Do you know of a reputable repairer that could maybe fix it?

If not then a good leather strap is on the cards.

again thanks for your time....micky


----------



## SEIKO7A38 (Feb 12, 2009)

Micky.

Wait till tomorrow morning for another possible development. :dontgetit: No promises.


----------



## micky66 (Nov 2, 2011)

With baited breath my friend lol :good:


----------



## SEIKO7A38 (Feb 12, 2009)

micky66 said:


> I have the original bracelet, but the catch is broken and the double fastening has come off.


In the meantime, Micky what exactly do you mean by 'the double fastening' ? :huh:


----------



## micky66 (Nov 2, 2011)

Theres a safety catch on the bracelet will post a pic in the morning.


----------



## SEIKO7A38 (Feb 12, 2009)

SEIKO7A38 said:


> Wait till tomorrow morning for another possible development. :dontgetit: No promises.


My apologies. :blush:.

When I posted that, I wasn't at home, so not in full possession of the facts (nor the watch),

and slightly under the influence. :wine: Obviously suffering from memory lapse too.
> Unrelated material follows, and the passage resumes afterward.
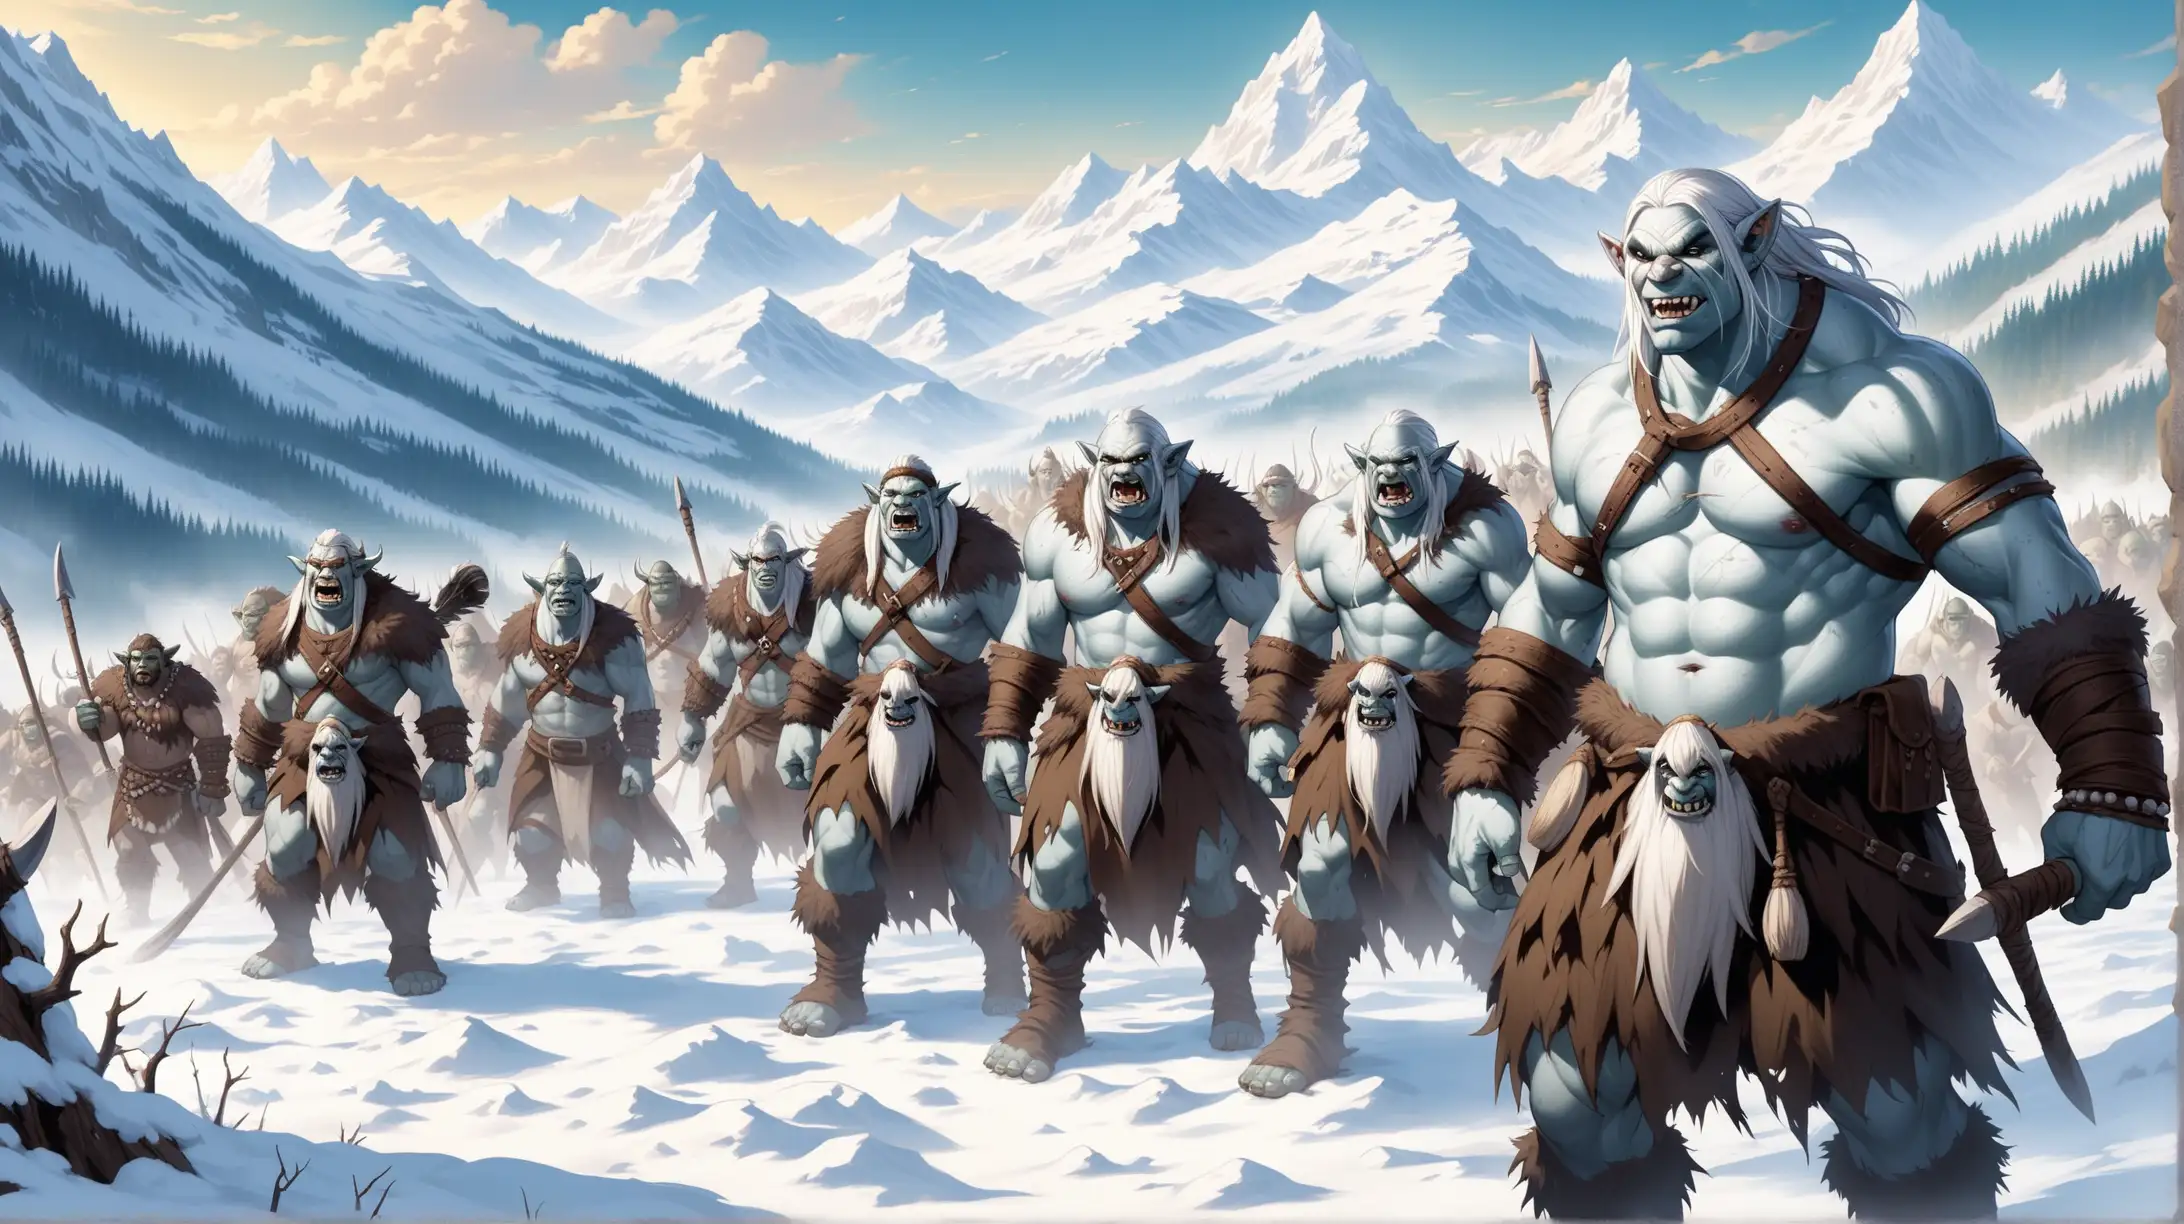 Snow White Orc Tribe Medieval Fantasy Barbarians and Shamans

Last year I'd bought a 'spares or repairs' job lot (for the stainless 7A38-7270 on the left):










It included a 5M22 Kinetic beater (middle of the photo), which I'd done nothing with, since.

Without checking, I thought the similar-looking bracelet off that might have fitted your watch. 

But not only are the end pieces not the same, they're only 18mm wide - not 20mm. Sorry.









Anyway, from what you've since written, Micky, it sounds like you don't actually need a new bracelet ....

Just a replacement clasp for your existing bracelet - which is very easily (and possibly cheaply) solved.











micky66 said:


> .... the catch is broken and the double fastening has come off.





micky66 said:


> Theres a safety catch on the bracelet will post a pic in the morning.


I look forward to seeing your photo.

Hopefully, from that, with a couple of very quick measurements, I should be able to tell you what you need to order to fix it.


----------



## micky66 (Nov 2, 2011)

Here's the pic, hope you can make it out ok.


----------



## SEIKO7A38 (Feb 12, 2009)

SEIKO7A38 said:


> .... with a couple of very quick measurements, I should be able to tell you what you need to order to fix it.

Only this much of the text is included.